Well, you can give her your URL : *www.facebook.com/<UserID>. Eg. Mine is *www.facebook.com/krishnandu.sarkar

Last but not least, here also Google is your best friend.  Search By Name, Sort it to places and all, And finally add, site:facebook.com 

Hope that helps


----------



## coderunknown (Sep 4, 2012)

above trick mayn't work
*i.imgur.com/fkIbX.jpg


----------



## kool (Sep 4, 2012)

thank you guys, will try all above methods.


----------



## axes2t2 (Sep 4, 2012)

Don't do this facebook thing right away.

Mind your own business in the gym and do not greet with 'hi,hello' to her everyday.

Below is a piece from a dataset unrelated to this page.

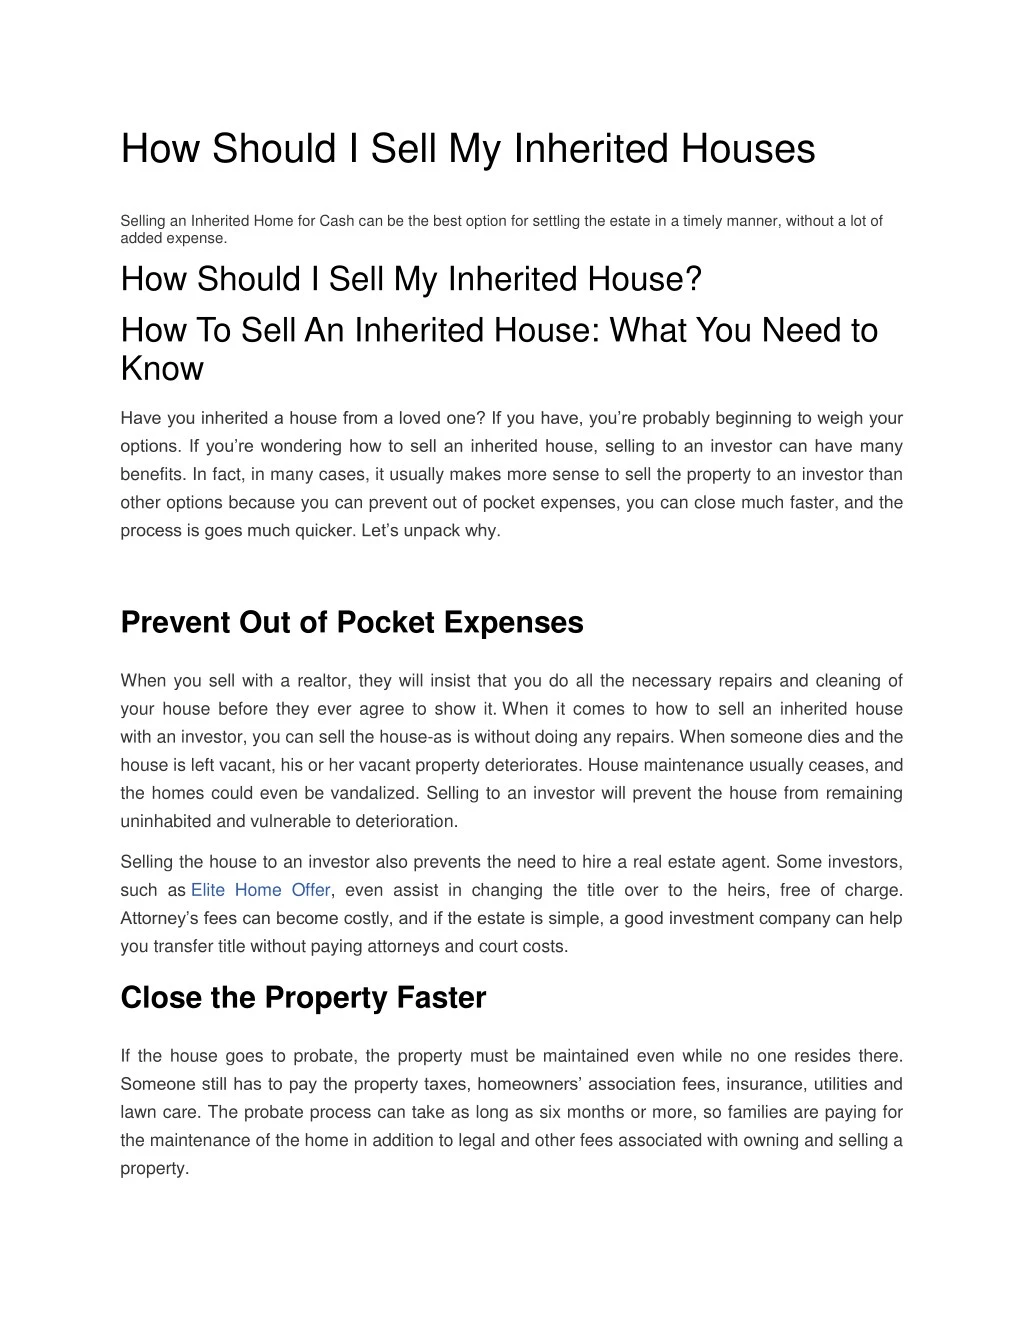 how should i sell my inherited houses
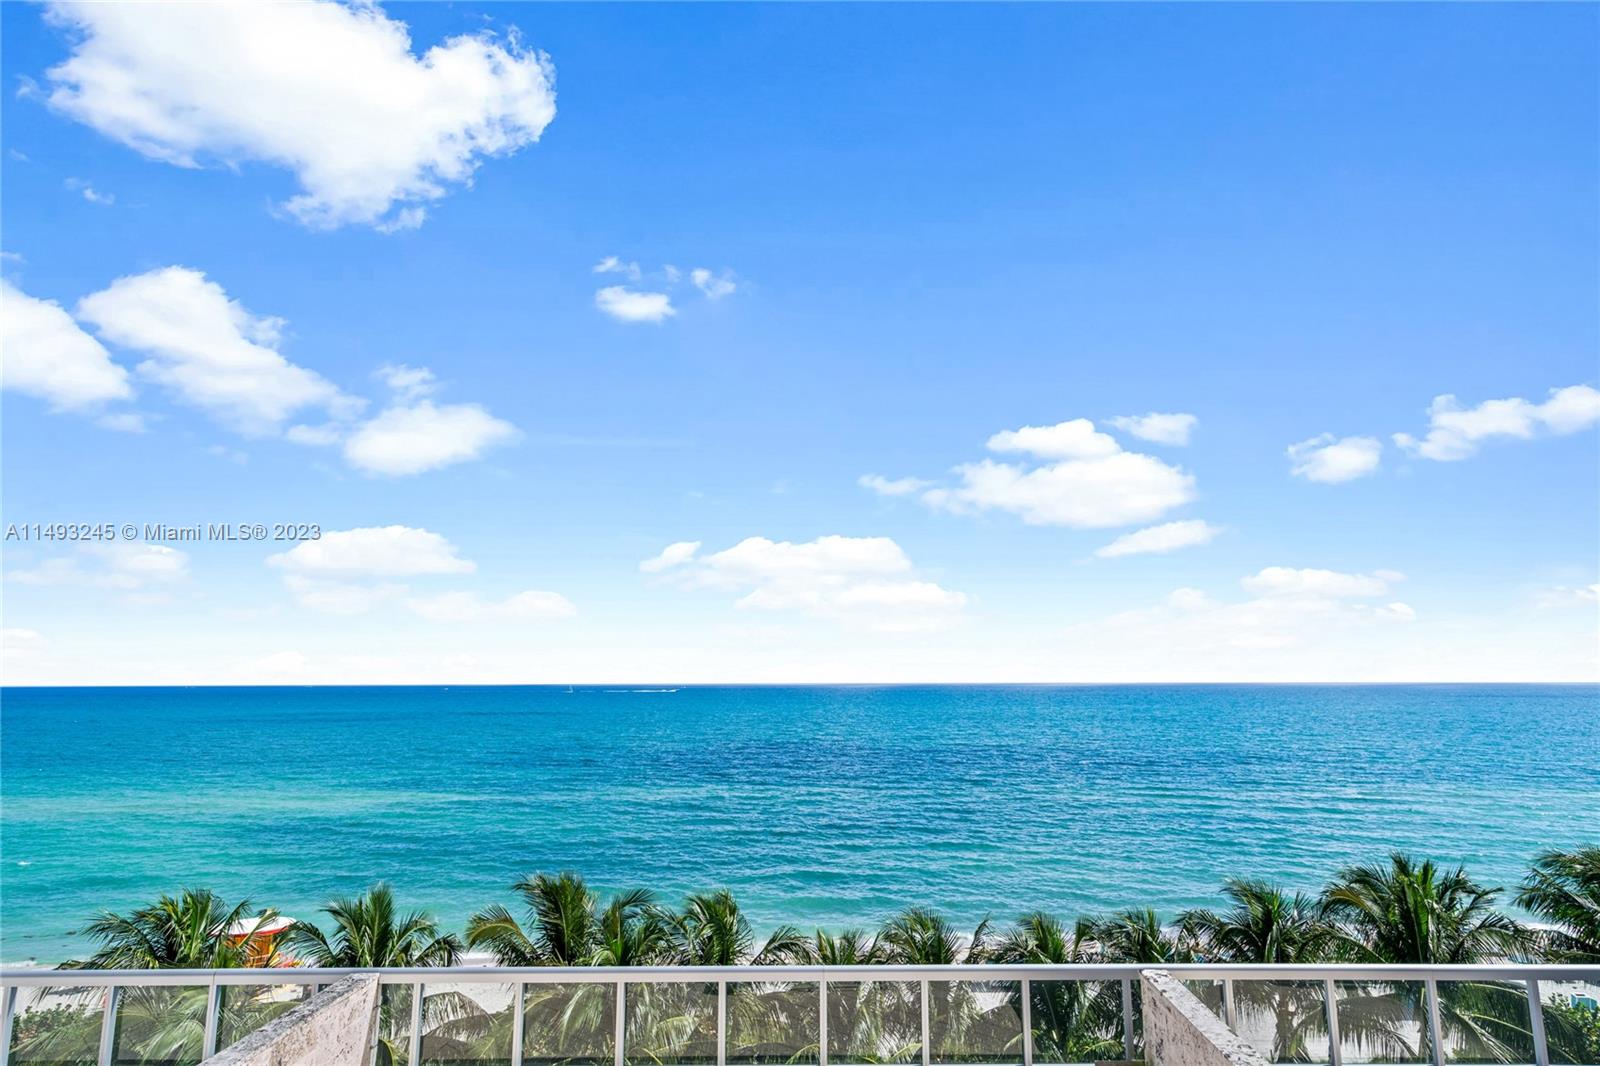 Enjoy gorgeous direct ocean views from this fully furnished 3-bedroom, 3-bathroom flow through residence located in the exclusive Carillon North Tower in Miami Beach. Beautiful bay and city views as well. Open kitchen with subzero refrigerator. Deluxe amenities in one of the most exclusive spa-resorts in South Florida. Resort features 70 000 sq.ft. over 200 classes weekly, 4 pools, 4 on-site dinning venues and more.

Make small talk first when you and her are both relaxing and if she is not talking to anyone else.


----------



## krishnandu.sarkar (Sep 4, 2012)

Sam said:


> above trick mayn't work
> *i.imgur.com/fkIbX.jpg



Thanks..!! I didn't knew that


----------



## Kl@w-24 (Sep 4, 2012)

axes2t2 said:


> Don't do this facebook thing right away.
> 
> Mind your own business in the gym and do not greet with 'hi,hello' to her everyday.
> 
> Make small talk first when you and her are both relaxing and if she is not talking to anyone else.



Yes. Adding her immediately on FB will make you look needy. That's how you get friendzoned.


----------



## kool (Sep 5, 2012)

axes2t2 said:


> Don't do this facebook thing right away.
> 
> Mind your own business in the gym and do not greet with 'hi,hello' to her everyday.
> 
> Make small talk first when you and her are both relaxing and if she is not talking to anyone else.




wohooooo....... !!! finally i talked to her, and came to know that she is 2year elder than me. God knows how she maintains her age & figure, by mistake i said my less age. But i'll keep trying on her.  and thank u guys for ur help.


----------



## Faun (Sep 5, 2012)

Q: Who ask a girl's age first ?
A: kool


----------



## rhitwick (Sep 5, 2012)

You can search people by their email id in facebook.
Just enter the exact email id in search field and that particular profile would be infront of you.

I don't understand why you guys are making it so complicated!


----------



## axes2t2 (Sep 5, 2012)

Don't forget that there are other people in the gym also.Talk to them too. 

Also when you talk to her the 4-5th time gaze at her lips for 2-3 secs.


----------